____ TASK DATA

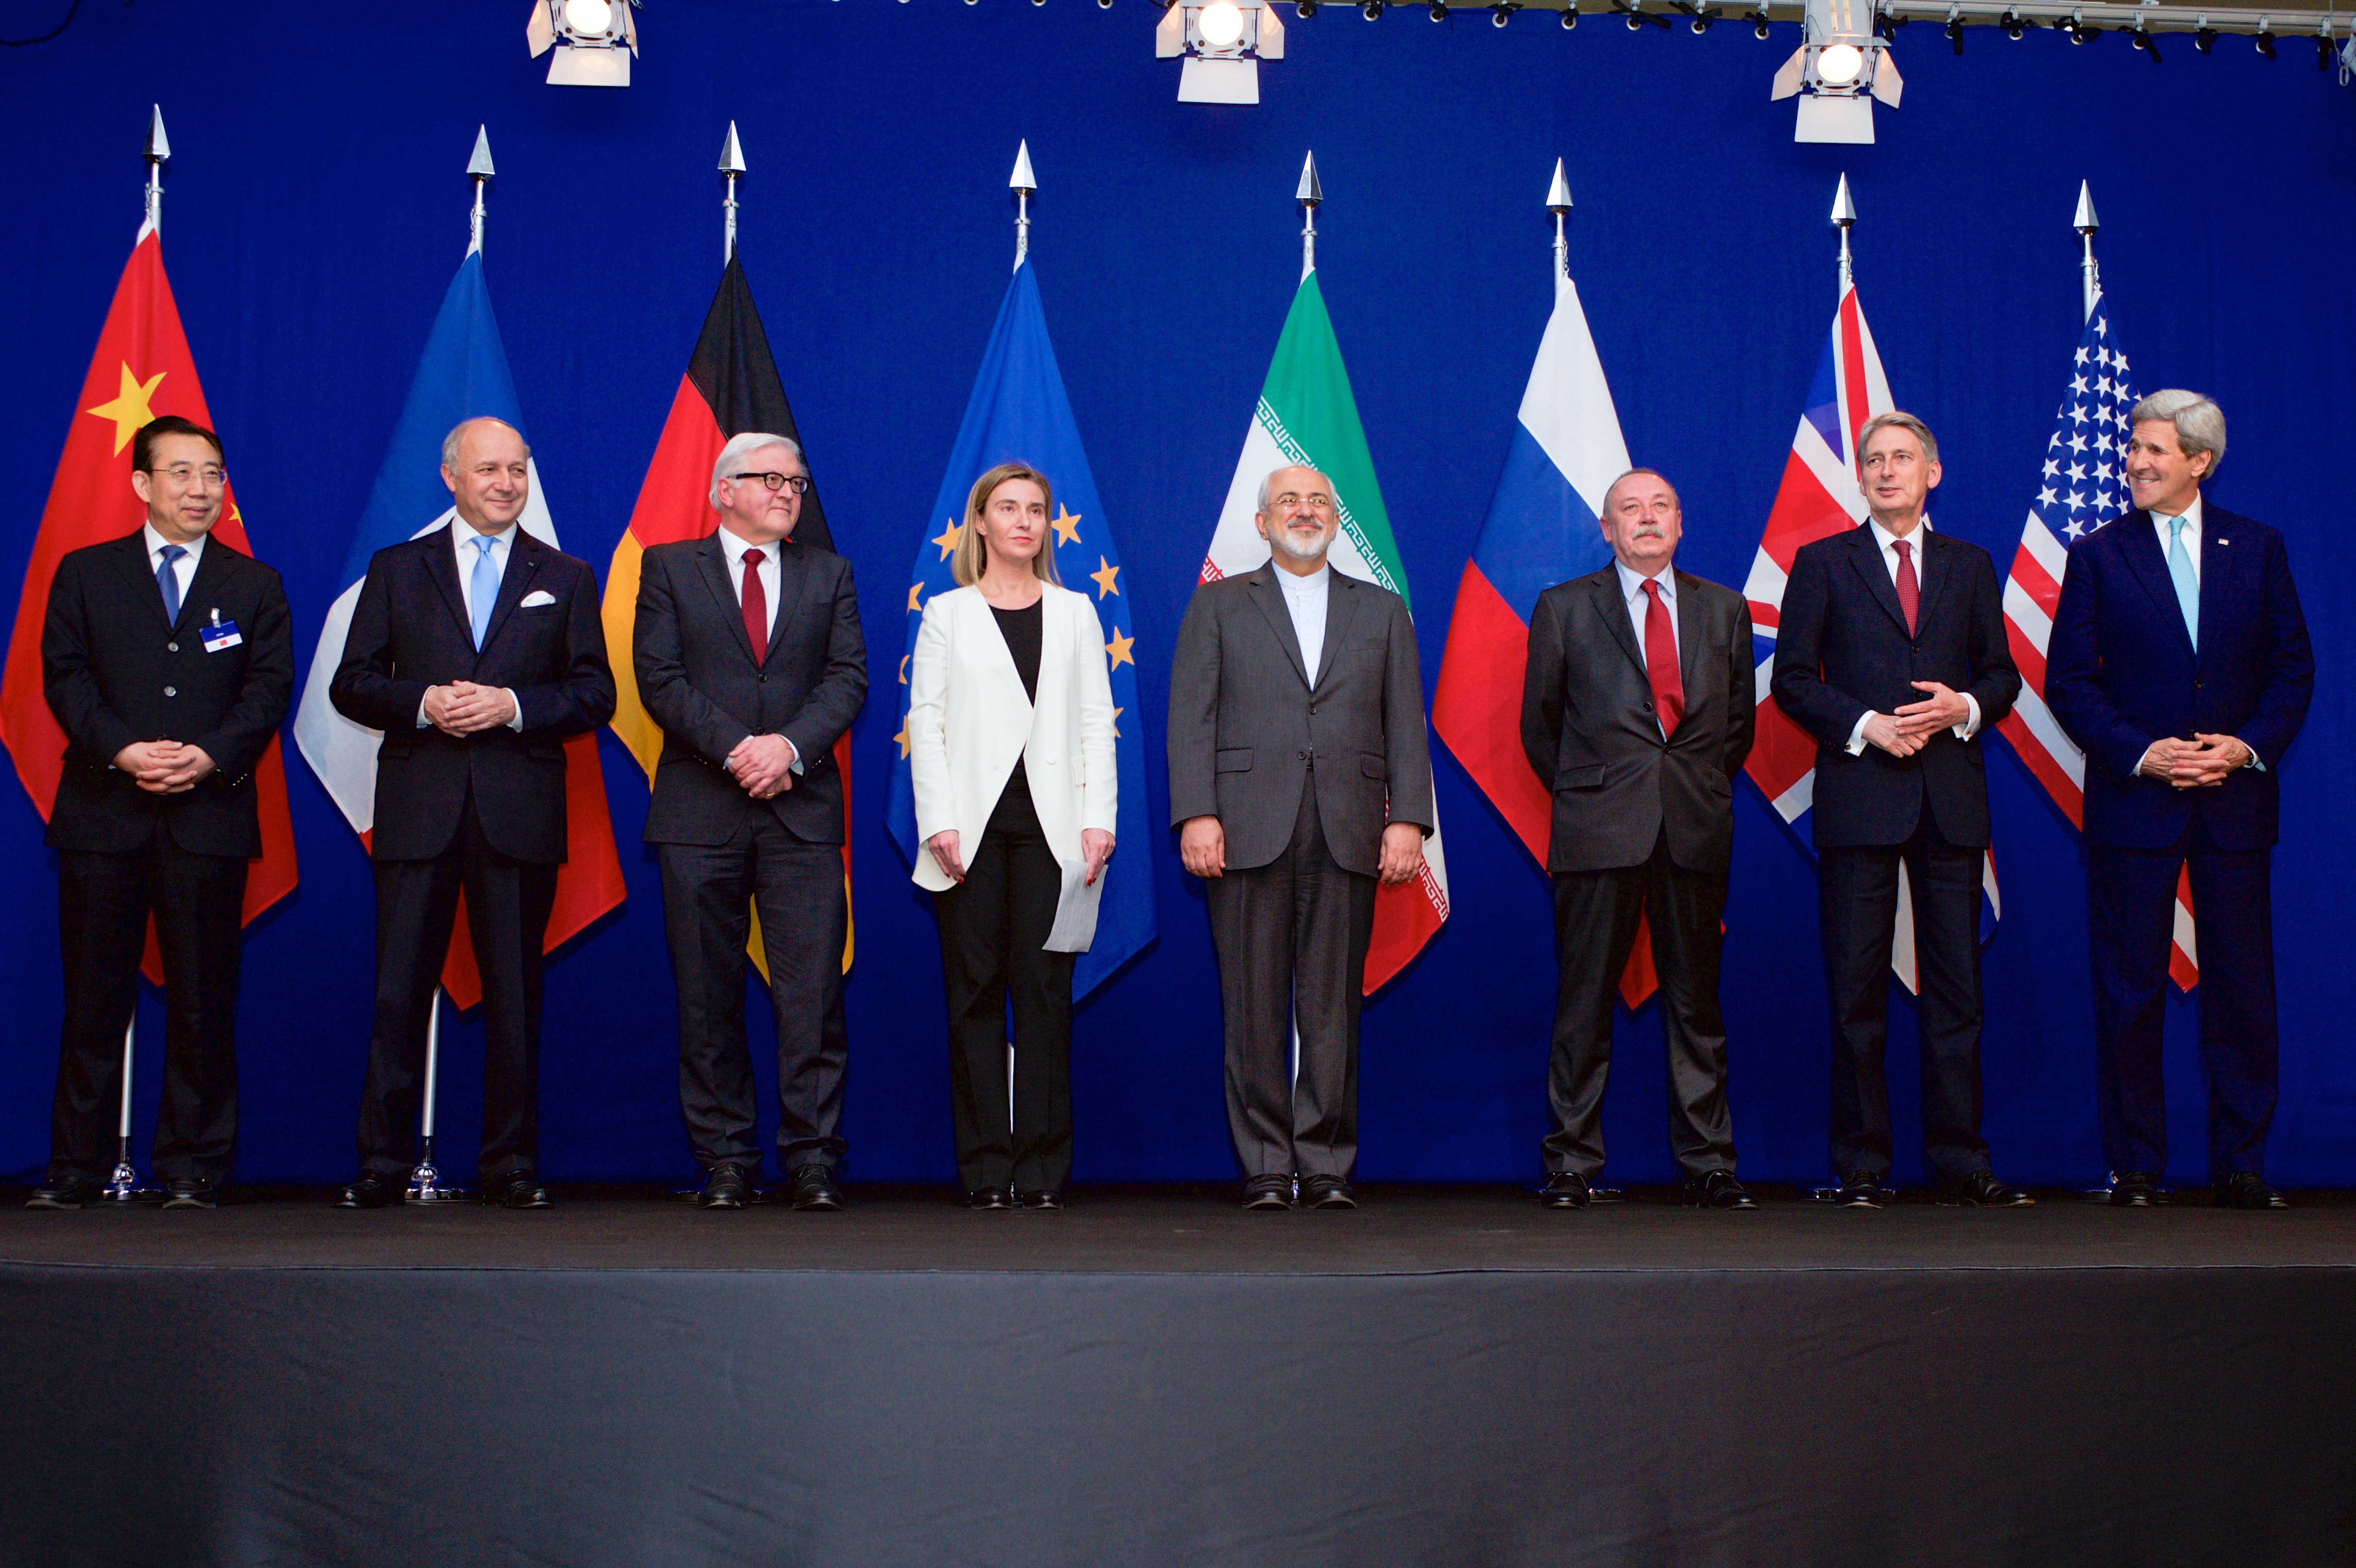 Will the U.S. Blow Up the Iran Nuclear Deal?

________
____ TASK DATA

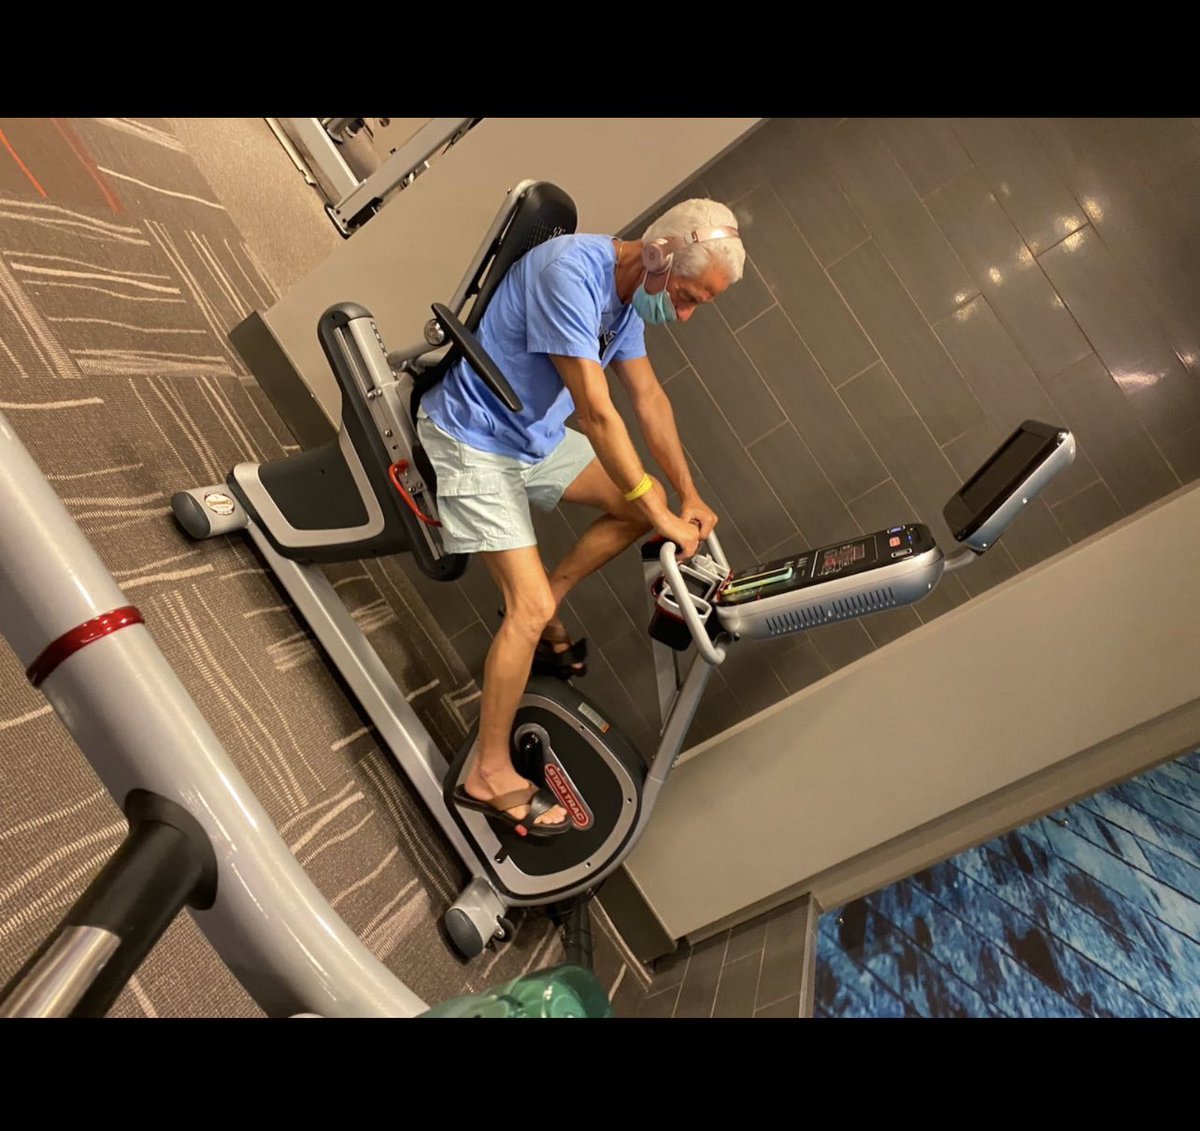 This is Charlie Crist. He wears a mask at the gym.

________
____ TASK DATA

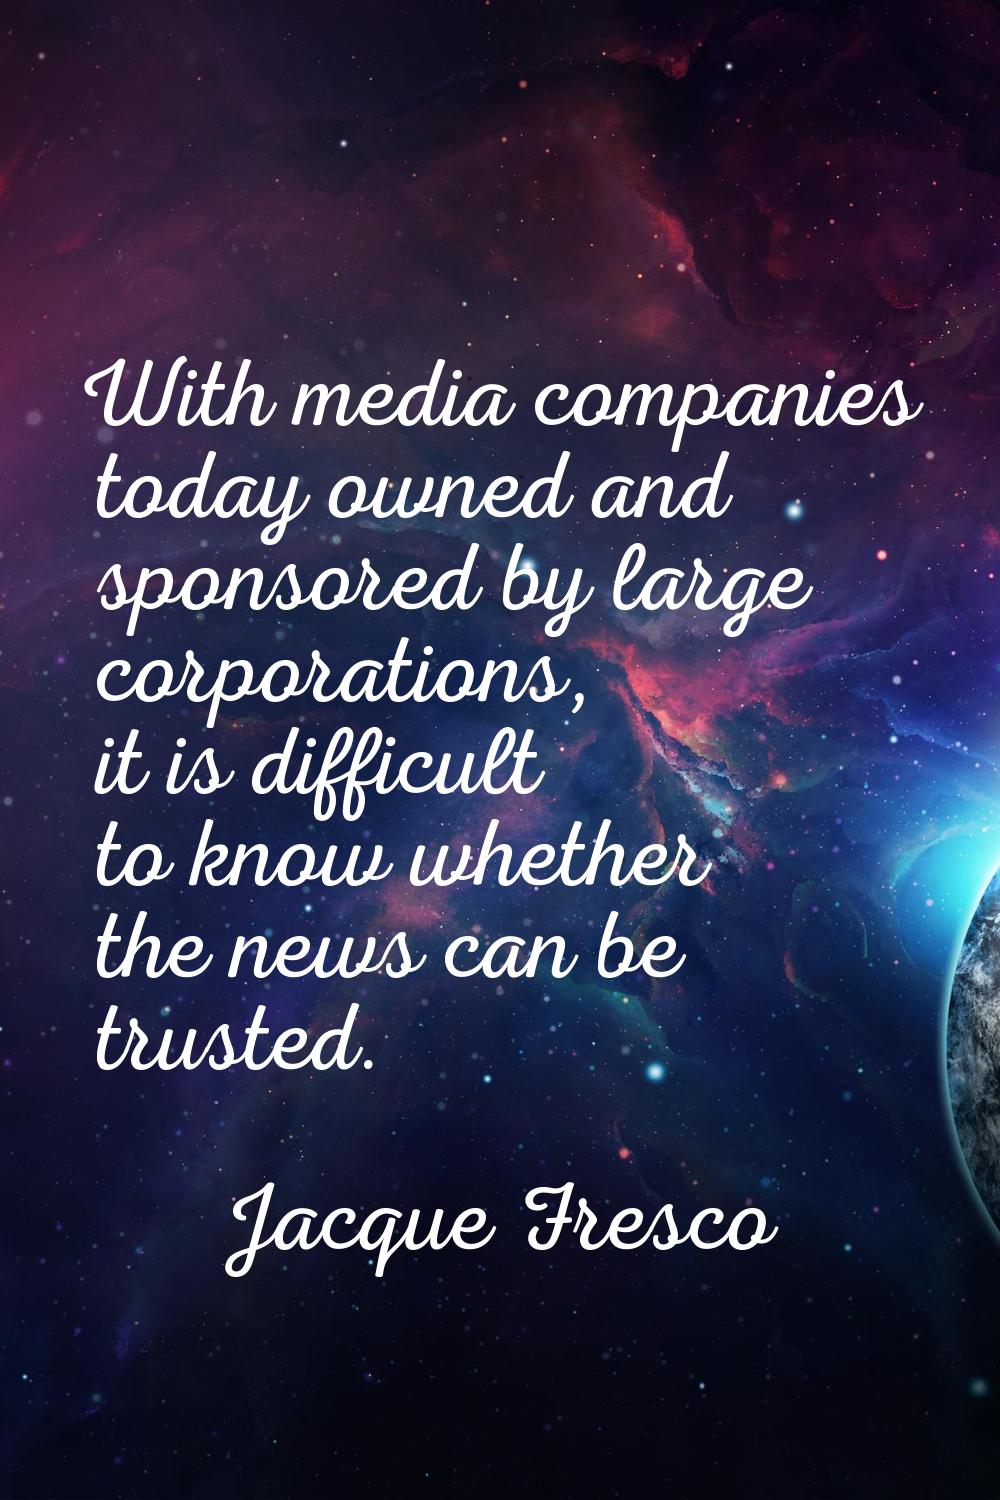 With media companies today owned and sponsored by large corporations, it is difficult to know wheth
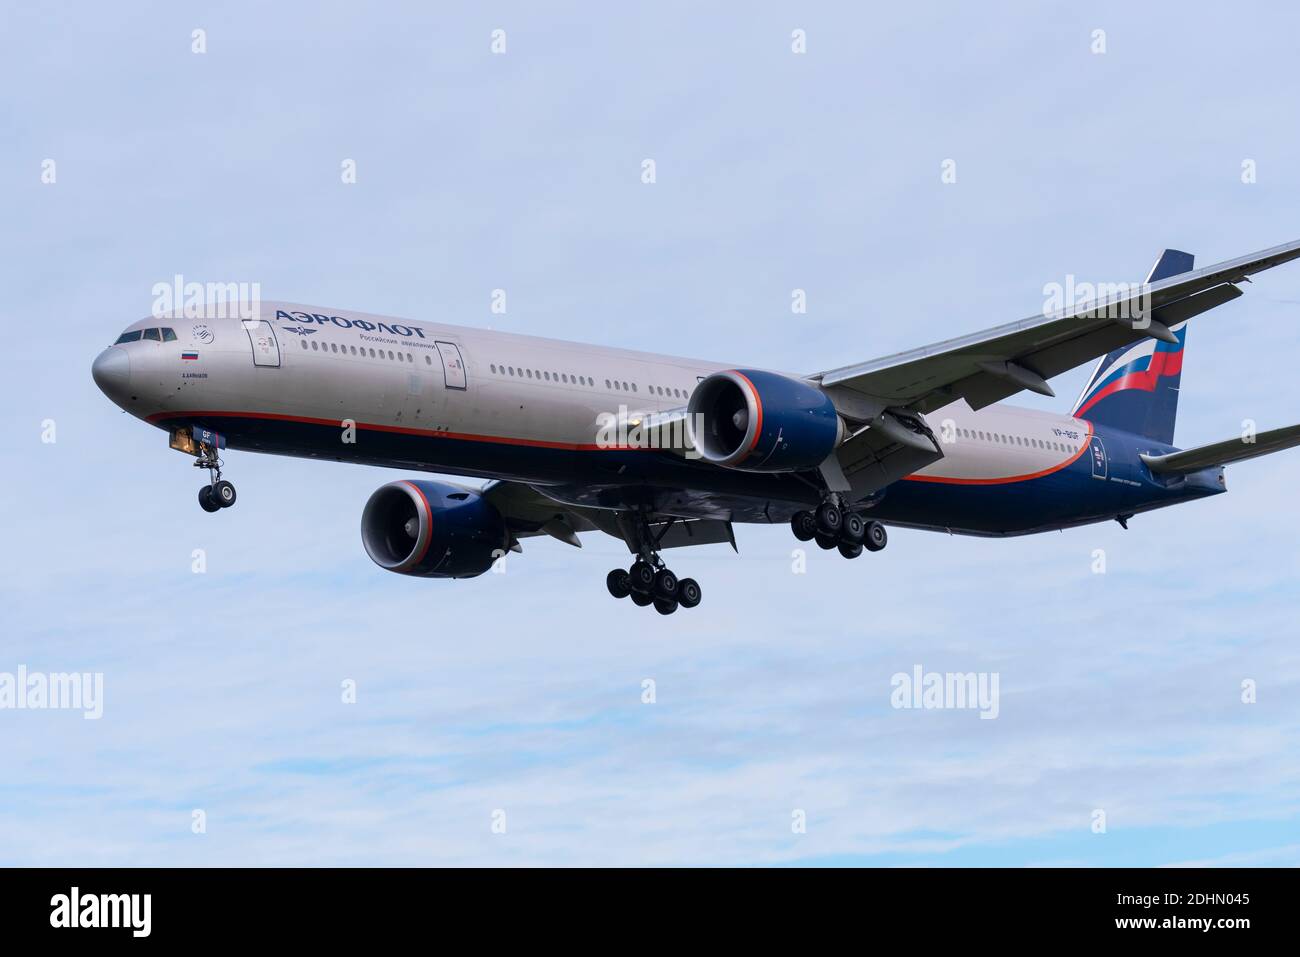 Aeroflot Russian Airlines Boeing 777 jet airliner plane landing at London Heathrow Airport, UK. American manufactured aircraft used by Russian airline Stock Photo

________

ASSIGNED TASK: In the listing above, find the line with "With media companies" and the line with "Aeroflot Russian Airlines". Copy exactly those lines and all between them, minus the images.

RESULT FOR THIS EXERCISE:
 With media companies today owned and sponsored by large corporations, it is difficult to know wheth
 Aeroflot Russian Airlines Boeing 777 jet airliner plane landing at London Heathrow Airport, UK. American manufactured aircraft used by Russian airline Stock Photo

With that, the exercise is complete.